Moving the Law Forward in a Just and Reasoned Way

The Sedona Conference. What is it exactly? Jason Baron came up to me at a DRI event in 2008 and said “you simply must come and hang out with us!” It took me six months and then I ended up spending my entire first Working Group 1 meeting in my hotel room (in Palm Springs, which is hella difficult to get to) on calls with the Court in Delaware and some very crabby opposing counsel. But a couple of meetings in, I started to get my Sedona legs and I was pretty happy. First, because they were talking about things like quality legal process management and I thought “I’ve found my people!” The second reason to be happy about joining Sedona is because it’s a chummy group, although it’s a lot bigger now than it was five years ago.
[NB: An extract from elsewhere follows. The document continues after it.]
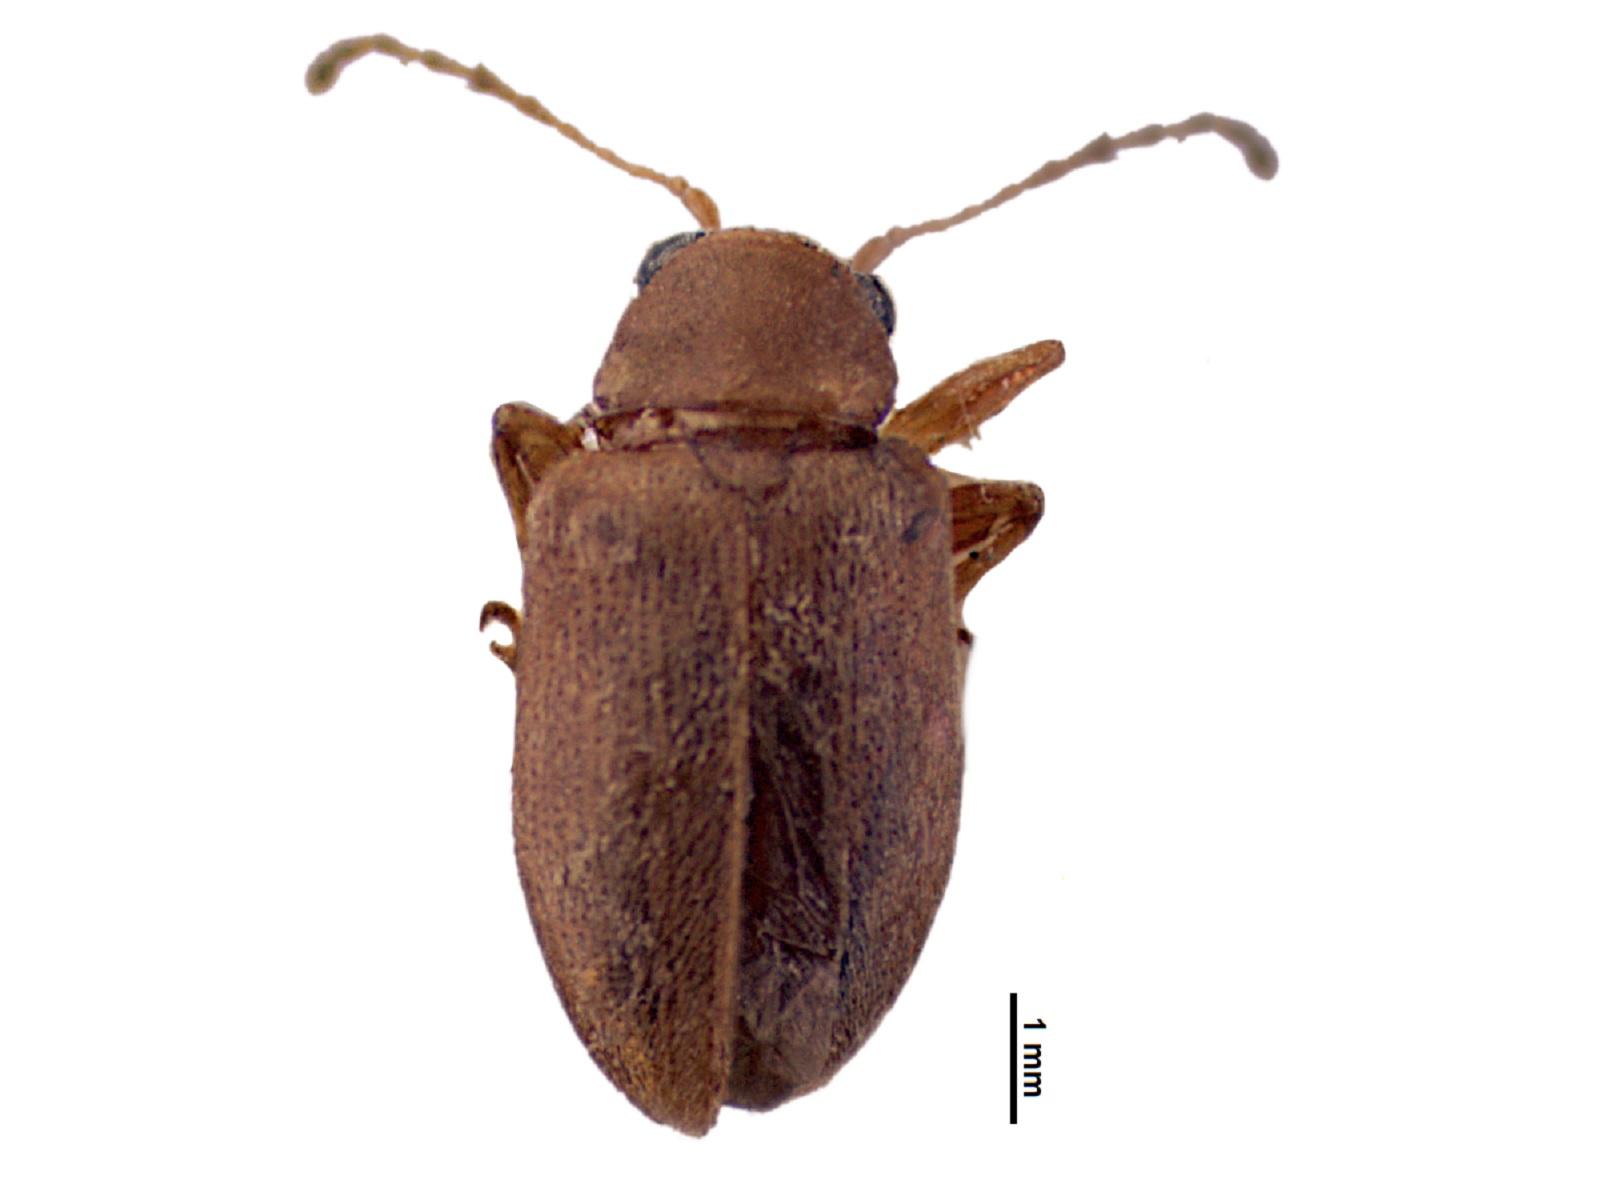 Habrophora sp.

Sedona is a non-profit legal think tank or “thought leader” as they call themselves. “The mission of TSC is to drive the reasoned and just advancement of law and policy by stimulating ongoing dialogue amongst leaders of the bench and bar to achieve consensus on tipping point issues.” When I joined it was already evolving away from its early years as a small room full of (mostly) dudes mulling over best practices for preserving and producing electronic information. But they were still guiding a rapidly developing field that not a lot of people understood or cared about. The meetings were still cozy, nerdy and cerebral. Veterans welcomed newcomers and remembered them the next year.
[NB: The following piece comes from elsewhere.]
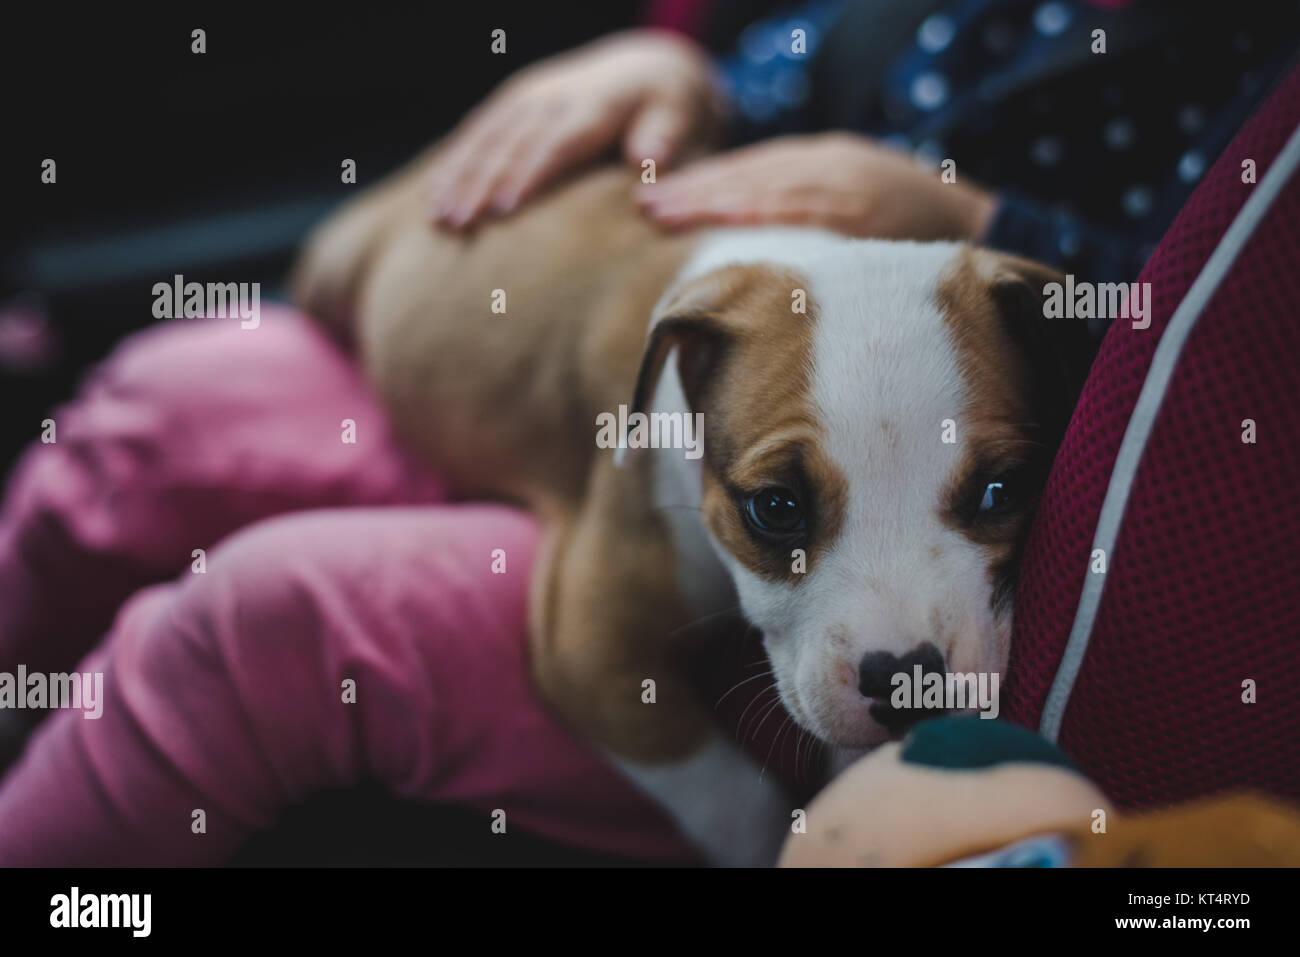 Un bimbo tenendo un nuovo cucciolo. Immagini Stock

What does one DO at Sedona actually? A LOT of talking, that’s what. Then everyone goes home and writes and talks about it some more at the next meeting. After a while Sedona publishes a Commentary on a topic like Quality in the eDiscovery Process or Proportionality. Then judges say things like “Have you read the Sedona Cooperation Proclamation? Go home and read it and come back to me about your ‘failure’ to agree”. (nb: I’m talking specifically about “Working Group 1” of the Sedona Conference, focusing on electronic discovery, as opposed to the Working Groups that focus on antitrust or patent practice).

There’s a rule that what happens at Sedona stays at Sedona so you’re not supposed to quote anyone because a lot of the folks there have to oppose one another, appear in front of one another and otherwise have cover for what they say. One also keeps work in progress close to the vest and avoids association with commercial service providers. But mostly its people who love and understand eDiscovery talking about it detail: “What is the best practice for handling cloud data and how do we want to convey that idea?” “Why was a particular decision about the Stored Communications Act important?” “Should we do a commentary on Ethics?” “How do practitioners really understand the term ‘metadata’ if at all?”

This year I am struck by the degree to which the law writ large is grappling with rapidly moving technology. It’s nothing new that law moves slowly and technology moves quickly. But we are now working on ways in which to analogize smartphones, Googleglass, facial recognition software and wireless enabled household appliances with laws that speak in terms of police officers knocking on doors and asking to look under the bed. And the highest court in the land is made up of people who don’t use email and in some cases don’t drive their own cars (although at least they think a warrant is necessary to search a cell phone). In a group of people who have primarily been concerned about finding and organizing electronically stored information, suddenly we are discussing how to do that with information that some of us aren’t entirely certain should exist at all.

There’s no good answers for all the dilemmas at the intersection of law and technology. But I’m comforted by being around a group of people that care deeply about the answers and are willing to spend time talking about solutions.